▶ [Entries provided]:
• • • • • • •

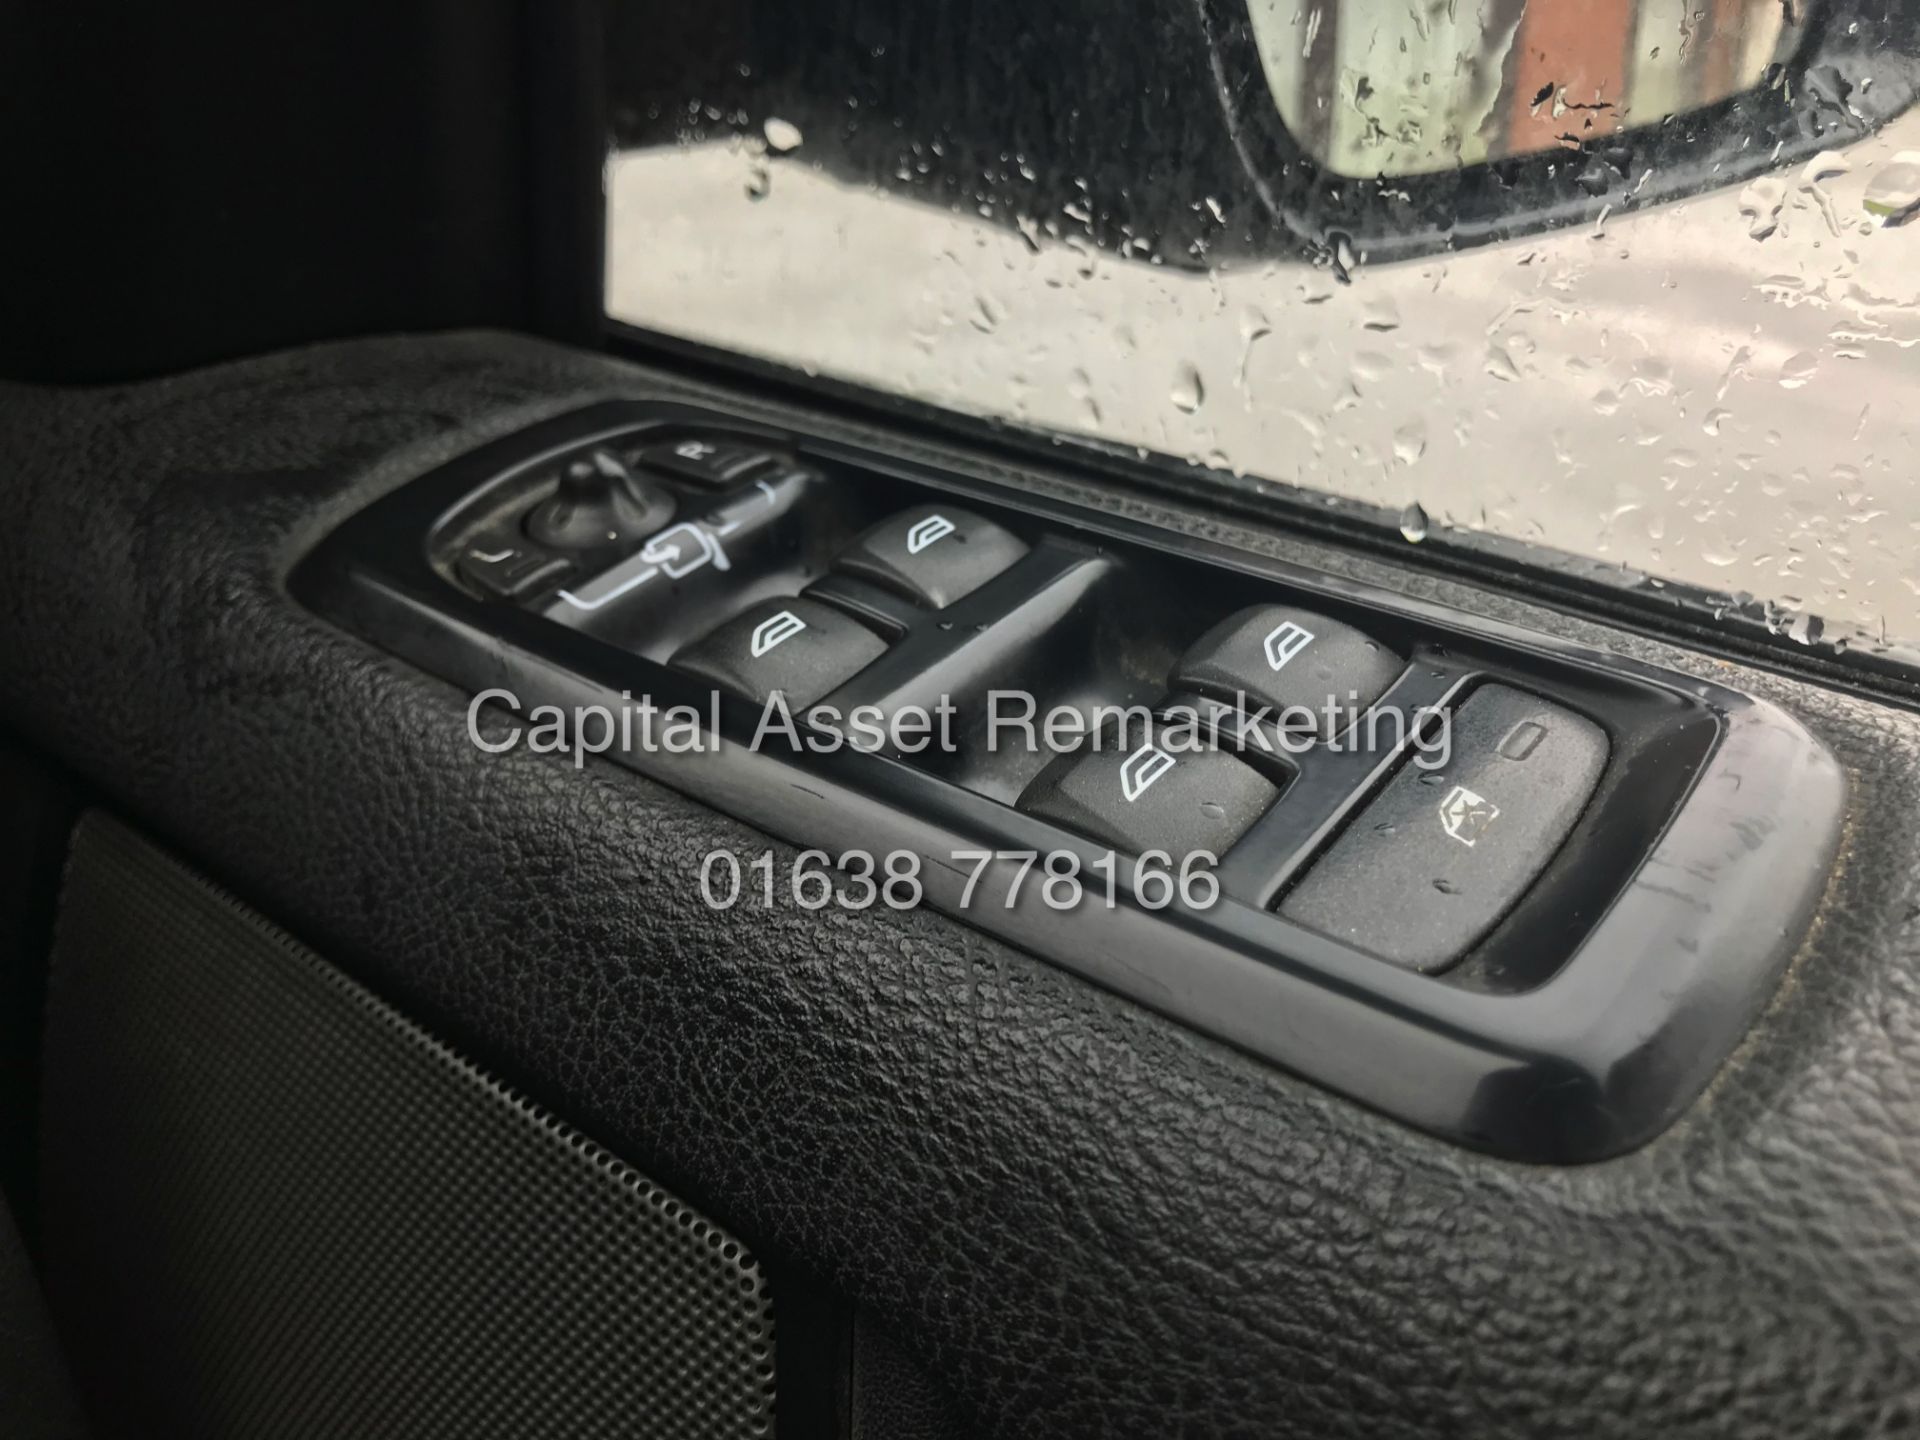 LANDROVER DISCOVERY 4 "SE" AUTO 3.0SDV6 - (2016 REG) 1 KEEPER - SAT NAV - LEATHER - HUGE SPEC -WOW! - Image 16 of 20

• • • • • • •

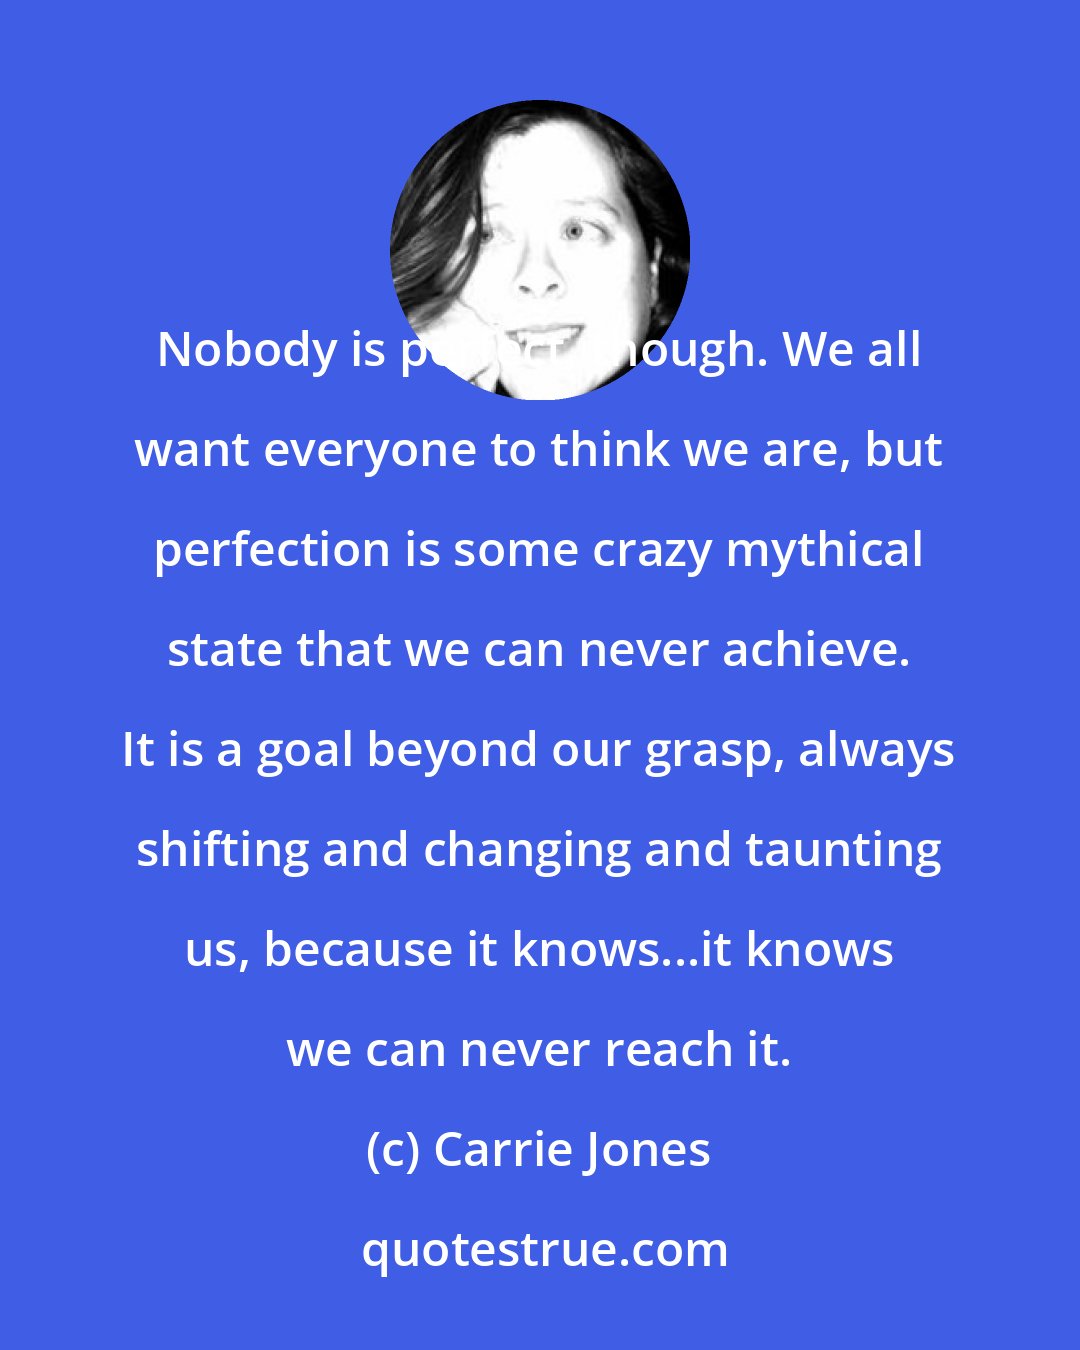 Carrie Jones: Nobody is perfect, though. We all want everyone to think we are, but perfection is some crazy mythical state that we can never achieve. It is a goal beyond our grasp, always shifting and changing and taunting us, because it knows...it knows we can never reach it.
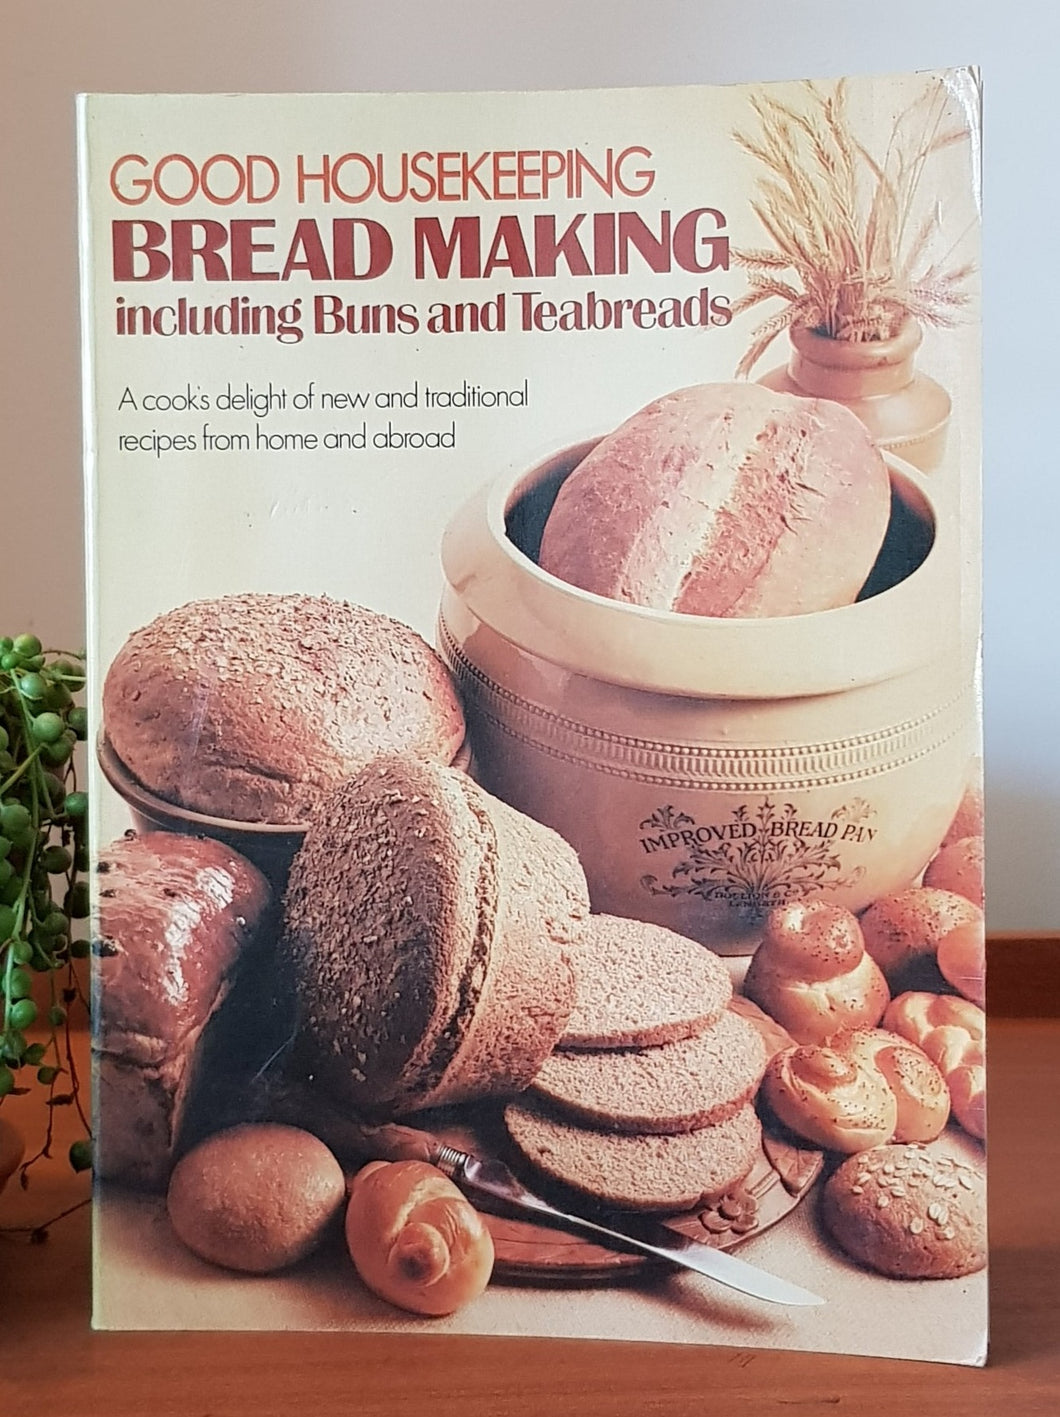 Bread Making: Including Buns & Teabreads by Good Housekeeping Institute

• • • • • • •

▶ [About this task]:
Please output the lines above beginning at the line with "Carrie Jones: Nobody" and ending after the line with "Bread Making: Including", precisely as written and with no pictures.

▶ [Output below]:
 Carrie Jones: Nobody is perfect, though. We all want everyone to think we are, but perfection is some crazy mythical state that we can never achieve. It is a goal beyond our grasp, always shifting and changing and taunting us, because it knows...it knows we can never reach it.
 Bread Making: Including Buns & Teabreads by Good Housekeeping Institute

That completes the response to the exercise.